So, my sisters and I went to see Eclipse. Sib B has read all four books but Sib R and I have only read Twilight and New Moon. Sib R suggested the midnight showing but I laughed at her as we both had to work the next day. Sib B’s husband was invited but he opined that he’d prefer paying someone $7.50 to repeatedly stab him in the arm.
We saw women wearing the Team Edward/Team Jacob shirts. A good number of them were not teens or preteens. When Jacob showed up, the females in the audience crowed. One guy cheered when Edward killed someone.
We sat in the front of the theater and behaved in such a way to make us shoe-ins for special hell. In short, we laughed at everything but the jokes.
My favorite digs were these:
Edward and Jacob are about to squabble over Bella and her dad steps in between them. Then Sib R quipped for Charlie, “Now, now, we all know I have the biggest penis here.”
In the second scene, Edward and Jacob are in a tent and they come to the conclusion that each was a good chap despite being a mortal enemy. I said for Jacob, “Edward, I can’t quit you.”
Sib B and I really liked the tiny bit when Alice and Jasper are fighting and then they kiss at the end. They had more chemistry in 20 seconds than Edward and Bella do in all three movies. Also, Rosalie as Uma Thurman surprised me into laughing.

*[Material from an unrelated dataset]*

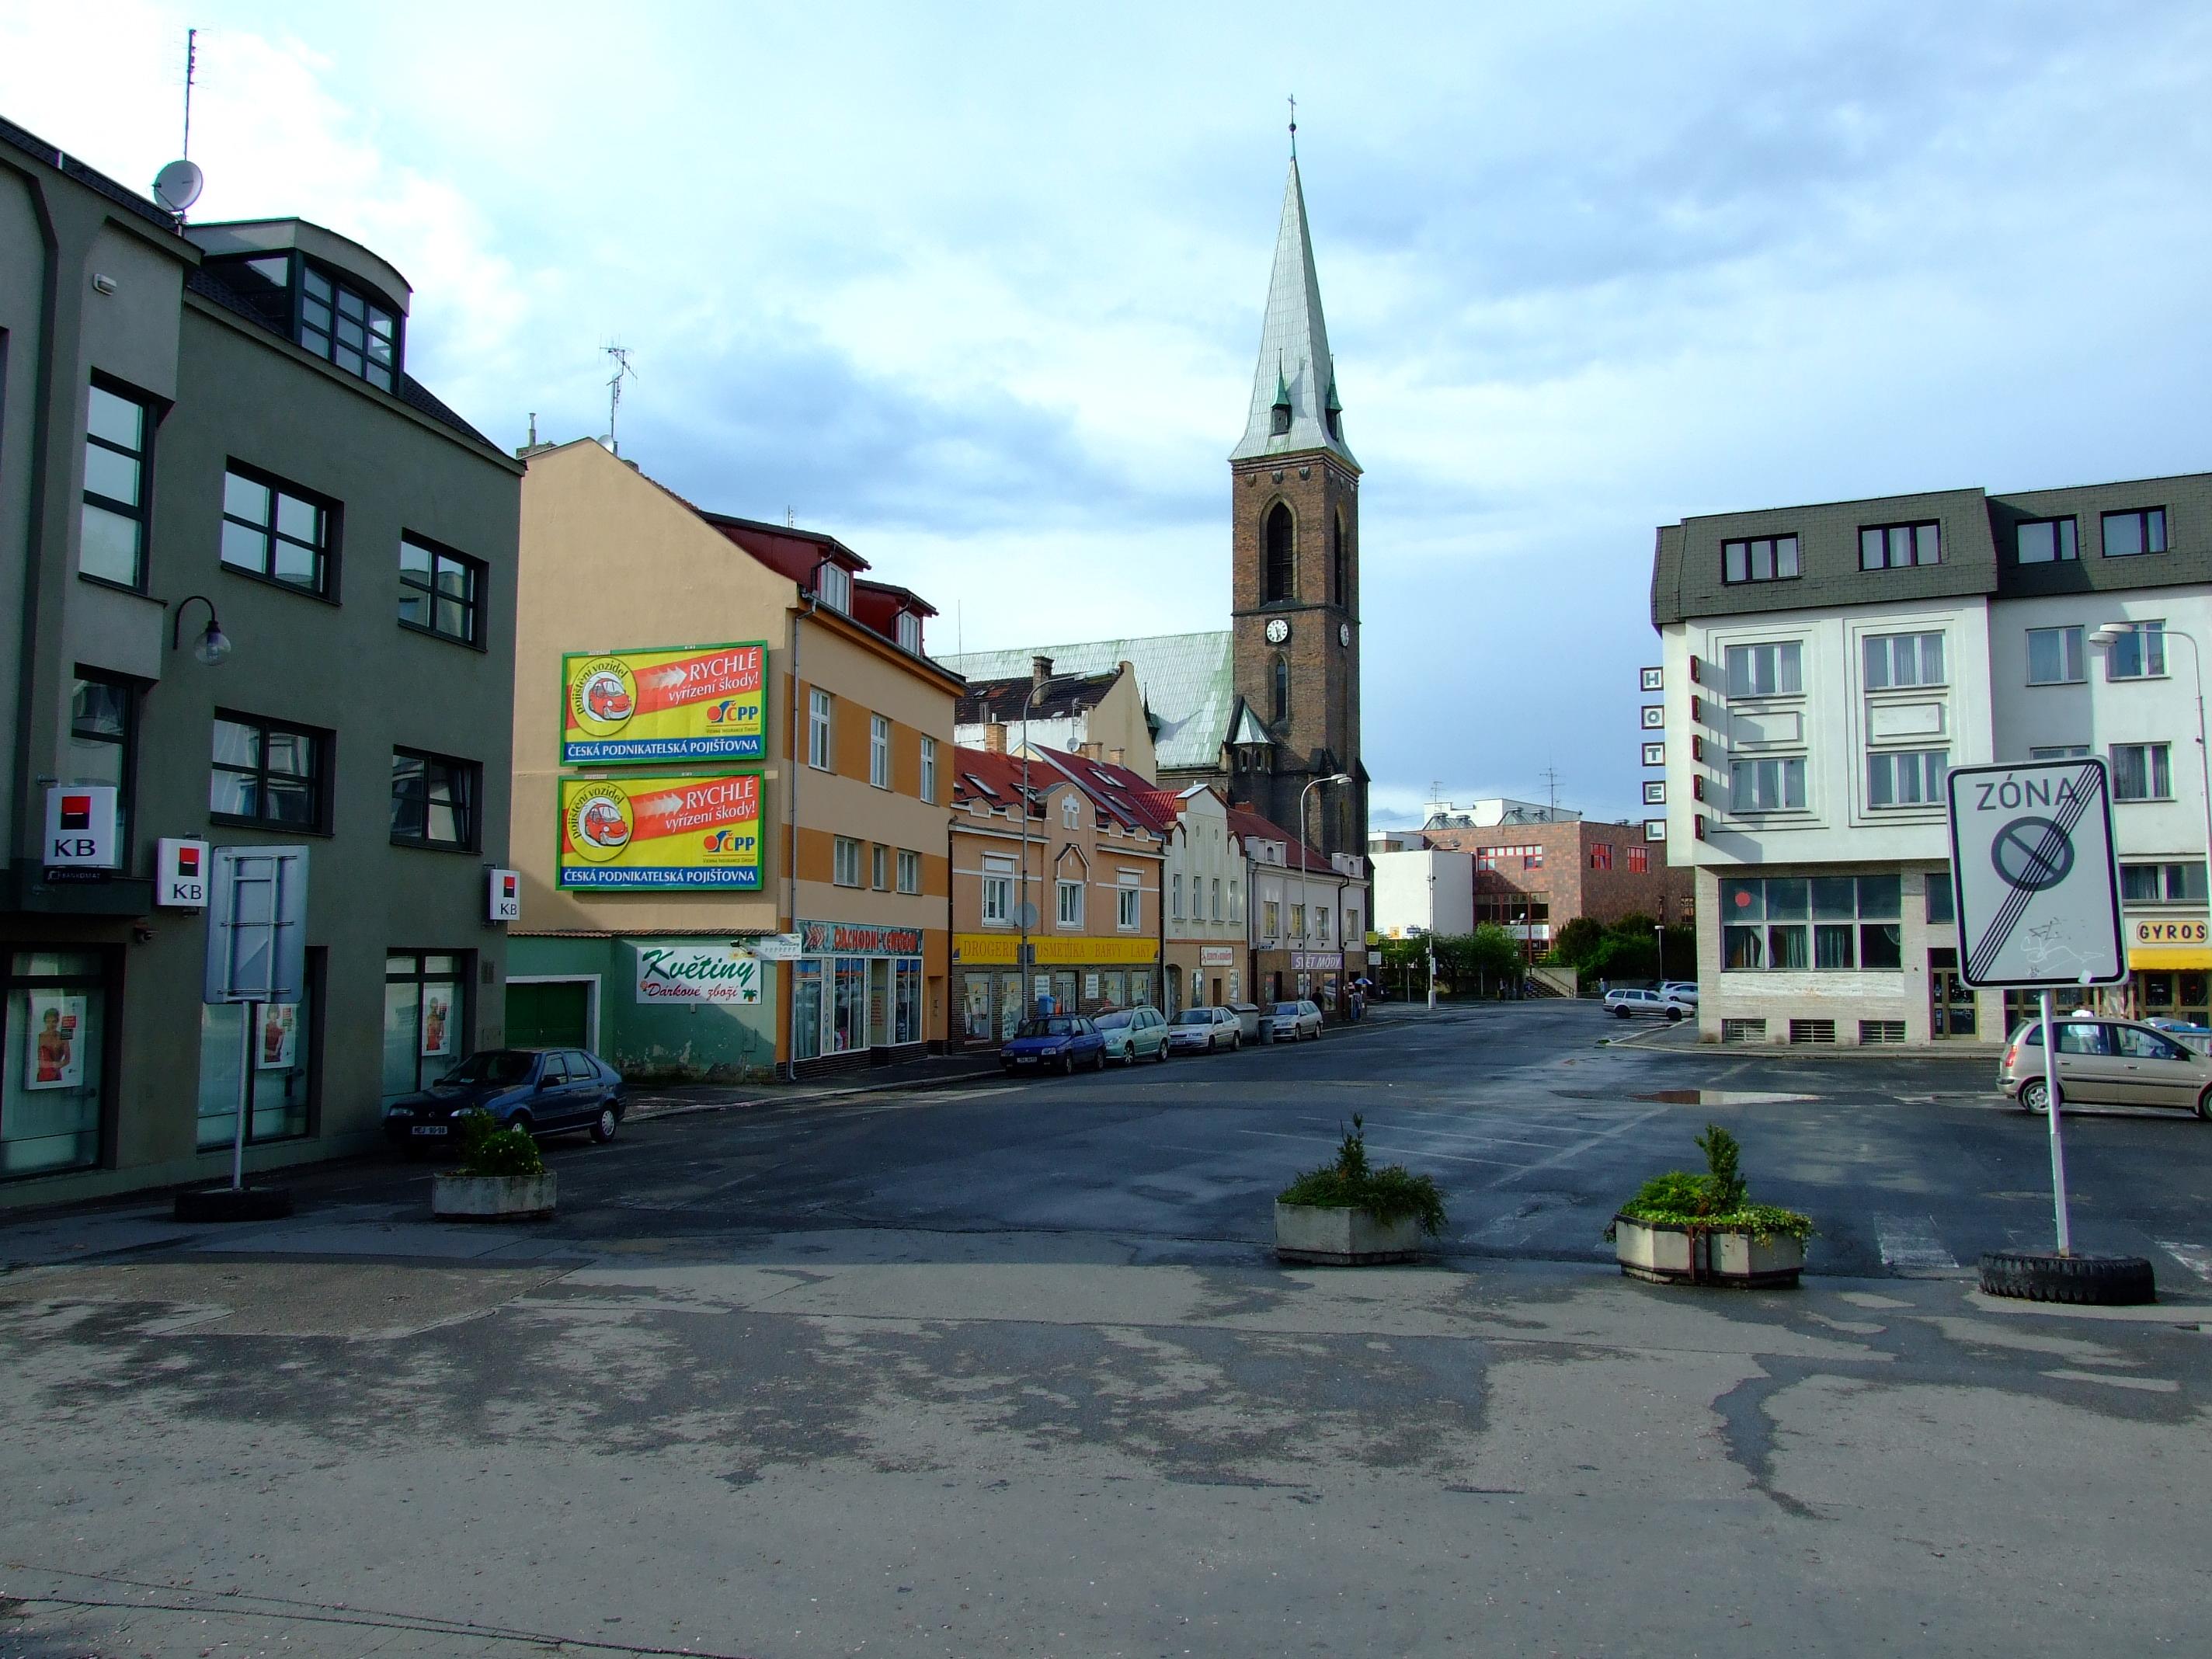 kralupy nad vltavou men Kralupy nad vltavou sú mesto v česku v okrese mělník v stredočeskom kraji 1 januára 2012 tu žilo 18 098 obyvateľov, z toho 9 020 mužov a 9 078 žien.

On the way home, Sib B pointed out with some fervor that predators don’t sparkle. Sib R and I pondered this, and agreed that predators were good at camouflage. But, if you think about it, Edward does not really want Bella for her nutritional value: he wants to breed her. And she does breed. So, the sparkle is merely to denote that Edward is a peacock and Bella is a peahen.